Une Aube « irradieuse »
Après huit mois d’investigation nationale, c’est le département de l’Aube qui pourrait accueillir le premier site français de stockage de déchets radioactifs de « faible activité à vie longue ».
dans l’hebdo N° 1041 Acheter ce numéro
Après Soulaines et Morvilliers, l’Aube va-t-elle hériter d’une troisième poubelle nucléaire ? C’est ce que redoutent nombre d’habitants, alors que l’Agence nationale pour la gestion des déchets radioactifs (Andra) va dévoiler ses préférences pour le premier site français de stockage de déchets nucléaires « faible activité à vie longue » (FAVL), d’une capacité de 200 000 m3.
Le département est bien garni, côté atome : il accueille déjà Soulaines (pour les déchets de faible et moyenne activité à vie courte) et Morvilliers (très faible activité)
– 140 ha et 1,65 million de m3 de capacité au total –, mais aussi une centrale (Nogent-sur-Seine), une florissante entreprise de transport de déchets radioactifs (Daher) et un stockage d’obus à l’uranium appauvri à Brienne-le-Château. Dans son voisinage immédiat, la centrale de Chooz (Meuse), le centre d’expérimentation de Valduc (Côte-d’Or) et le futur stockage de déchets HAVL (haute activité à vie longue) à Bure (Haute-Marne). En projet : le Musée du nucléaire de Bar-sur-Seine. La décharge FAVL assurerait à l’Aube un avenir définitivement « irradieux ».

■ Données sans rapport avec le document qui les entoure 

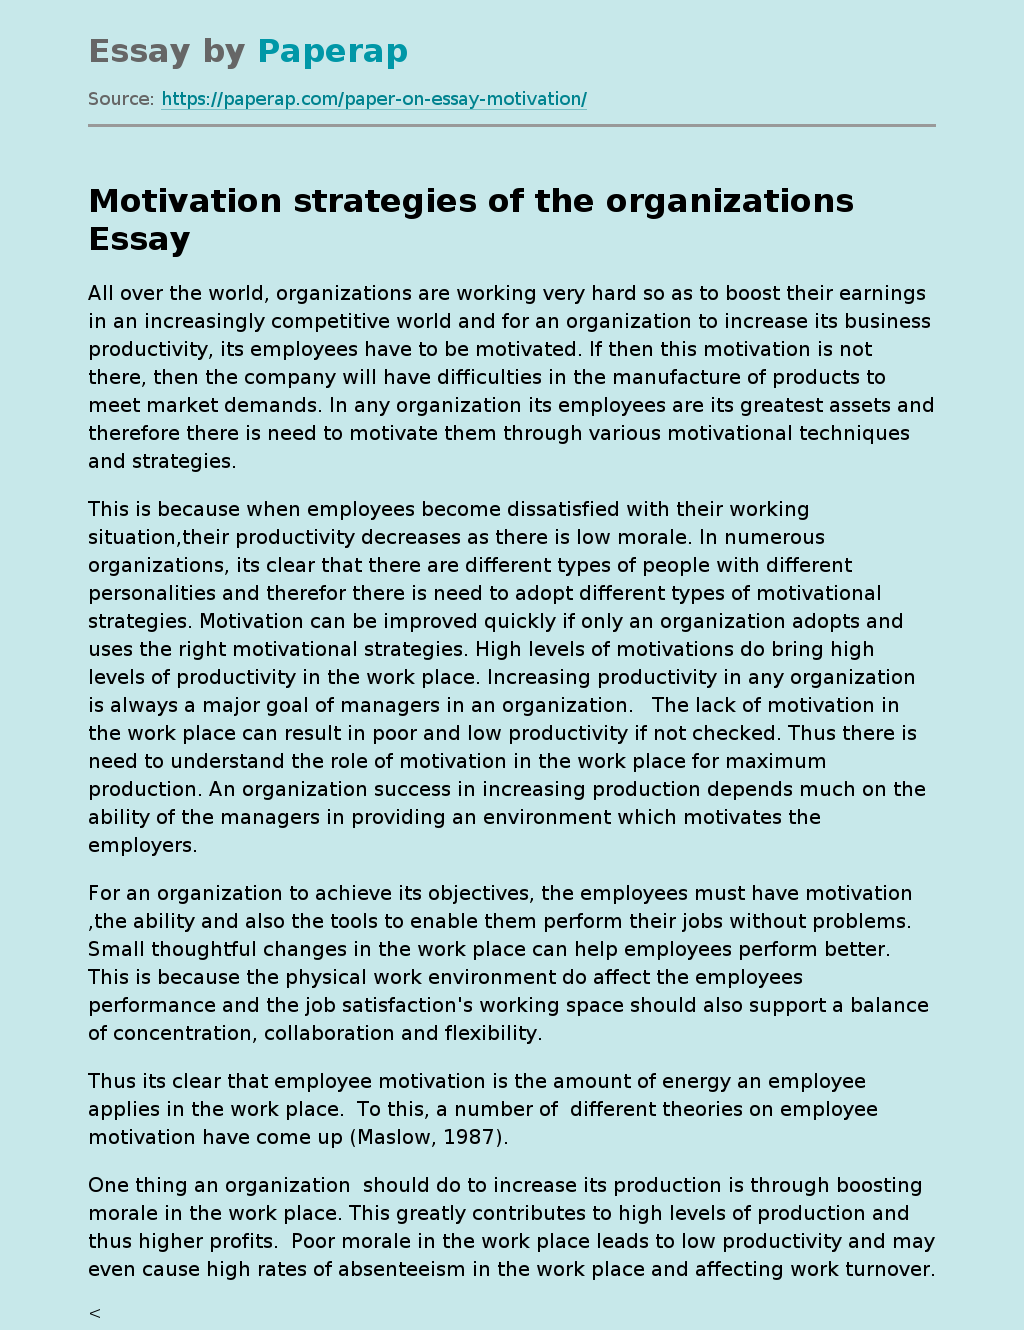 Motivation strategies of the organizations

Un site de stockage exploité par l’Andra depuis 1992 à Soulaines-Dhuys, dans l’Aube. Laban-Mattei/AFP
En juin 2008, raconte Michel Gueritte, président de l’association Qualité de vie (QV), 3 115 communes étaient informées par l’Andra que leur géologie les autorisait à être candidates pour héberger son site FAVL, sirènes à l’appui – « développement économique dynamisé par une activité industrielle pérenne… en interaction avec le territoire », « parcours de visite adapté à différents publics » – et dotations financières alléchantes. Pourtant, 99 % ont préféré se passer de la « notoriété » liée à l’enfouissement en faible profondeur de centaines de milliers de m3 de résidus de centrales et d’industries, dont la radioactivité met jusqu’à mille six cents ans pour décroître de moitié (radium), et même bien plus pour d’autres éléments minoritaires.

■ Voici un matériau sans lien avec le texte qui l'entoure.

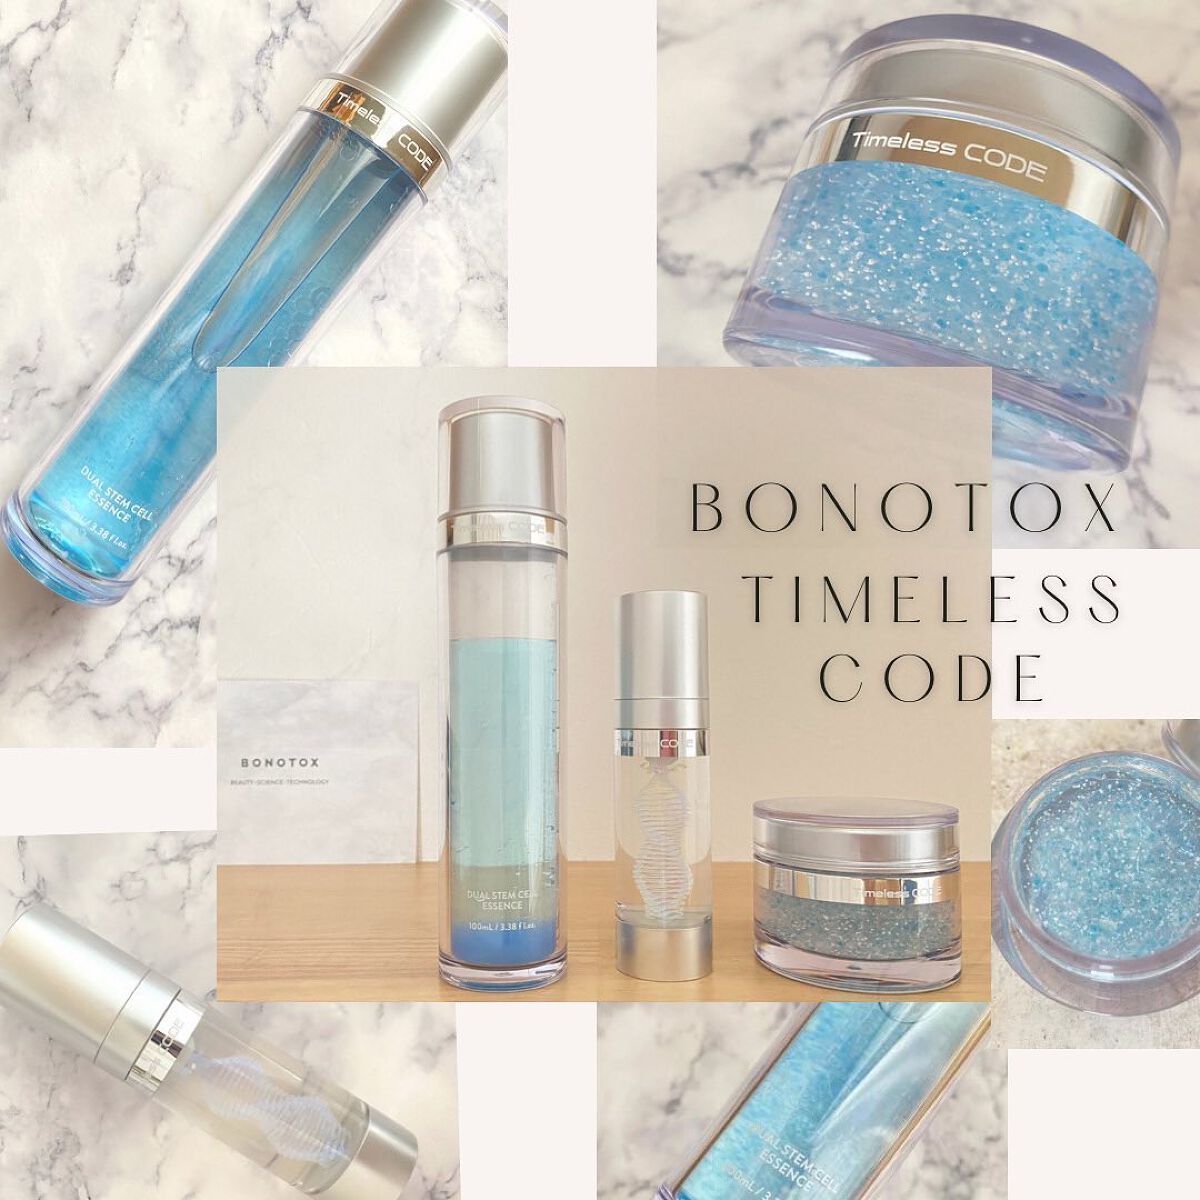 Bonotox-Timeless Code- 美容液

Mais, dans l’Est, 31 communes sont volontaires, dont 10 dans l’Aube, 10 en Haute-Marne et 6 dans la Meuse. L’Agence en retiendra quelques-unes pour une fouille géologique approfondie. Et, en 2010, elle dévoilera le nom de l’élue, qui consultera à nouveau son conseil municipal pour confirmer sa destinée. « Les municipalités se sont fait piéger » , dit la QV, qui ne croit guère à cette transparence soudaine : trois maires ont appris du ministère de l’Écologie que cette délibération ne serait que « consultative » , l’Andra pouvant passer outre.
Les appâts de l’Andra déclenchent des complaisances qui menacent notamment l’avenir du Parc naturel régional de la forêt d’Orient (PNRFO), où la protection du patrimoine et de l’environnement fait loi. Il compte 53 communes, dont 3 sont candidates à la poubelle FAVL ! Et une autre fait partie de la liste des 16 communes que le parc pourrait englober dans son projet actuel d’extension. Problème, disent les opposants, l’article 49 de la charte du PNRFO stipule : pas d’implantation « de nouveaux centres d’enfouissement technique, ni aucun incinérateur, ni centre de stockage de déchets nucléaires ». De quoi contrarier les postulants. Et inciter Nicolas Dhuicq, député maire de Brienne-le-Château, située dans le parc, à convaincre son monde des bienfaits des FAVL. « Aux élus de faire preuve de responsabilité envers les générations futures » , écrit-il dans le bulletin municipal. Selon lui, « la direction du PNRFO ne s’oppose pas à l’implantation » . Mieux : il supprimerait bien l’article 49. « Mêler la haute technologie avec l’environnement » ne le choque pas. « Ça n’engage que lui , réplique, Christian Branle, président du Parc, mon travail est de faire appliquer toute la charte. »
Michel Gueritte est convaincu que l’Andra a déjà choisi et que le site sera dans le Soulainois, qui a oublié son opposition de jadis au nucléaire. En fouinant, il est même tombé sur une terminaison de fibre optique fraîchement posée en plein champ. Idéal pour les futurs bureaux, ironise-t-il. En attendant la liste des nominés, que le ministère traîne à divulguer, il diffuse des reportages vidéo à Borloo ainsi qu’au préfet, et prend les paris : le gagnant, pour lui, c’est Juzanvigny.